As is apparent in FIG. 4, all the maximum amount of displacement according to the examples 1 and 2 wherein the wafer is held within the wafer back surface holding region specified by the present invention were 200 micrometers or less, in the case of three-point support or ring support, substantial reduction effect was confirmed.


According to the method for holding a silicon wafer of the present invention, even if the back surface of the large wafer of 300 millimeters or more in diameter is held, since the maximum amount of displacement within the wafer plane is very small, the wafer does not bend, and therefore secondary adverse effects, such as metal contamination, scratches, and cracks caused by the bent wafer's contacting with components in an apparatus or the like, can be prevented. At the same time, the apparatus is not required to be larger size and transportation speed is also improved, thus allowing the wafers to be manufactured at low cost. For this reason, the silicon wafer held with the method according to the present invention is inexpensive and functions effectively as the wafer which does not cause device property deterioration.

Claims
  • 1. A method for holding a silicon wafer, wherein a back surface of a silicon wafer of 300 millimeters or more in diameter and 700 micrometers to 1000 micrometers in thickness is held in contact with a support member or a suction member, specifically held within a region where a radius of the silicon wafer×0.50 to 0.80 from the center thereof.

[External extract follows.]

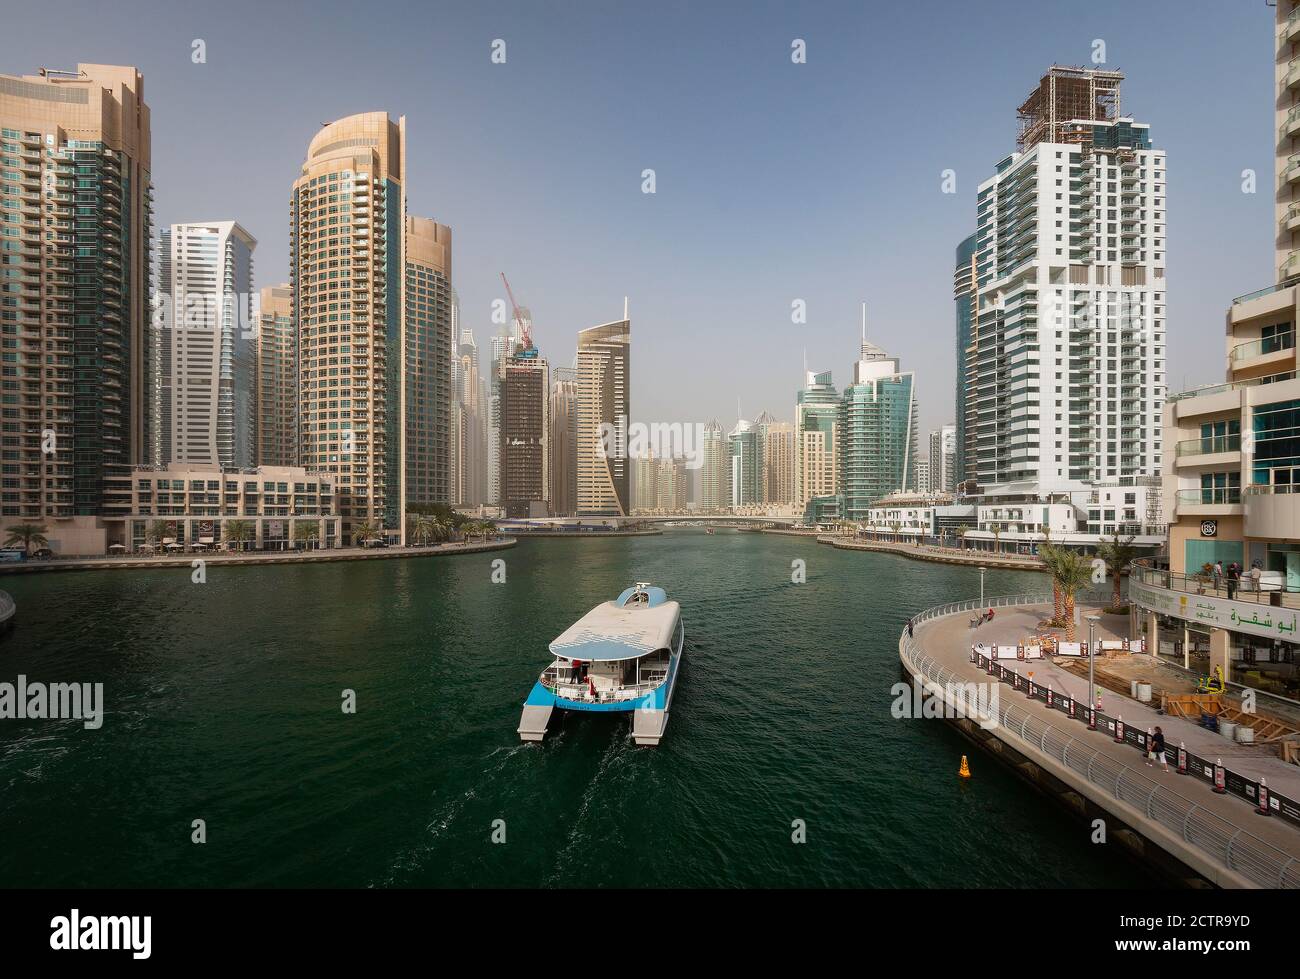 A catamaran-style yacht passes through the marina giving tourists views of the skyscrapers in Dubai, United Arab Emirates (UAE) Stock Photo

  • 2. The method for holding a silicon wafer according to claim 1, wherein the silicon wafer is held in a state where the maximum amount of displacement within a wafer plane is 300 micrometers or less.
  • 3. The method for holding a silicon wafer according to claim 1, wherein the silicon wafer back surface is held in contact within the holding region in all the processes of holding the back surface of the silicon wafer in contact with the support member or the suction member.
  • 4. The method for holding a silicon wafer according to claim 2, wherein the silicon wafer back surface is held in contact within the holding region in all the processes of holding the back surface of the silicon wafer in contact with the support member or the suction member.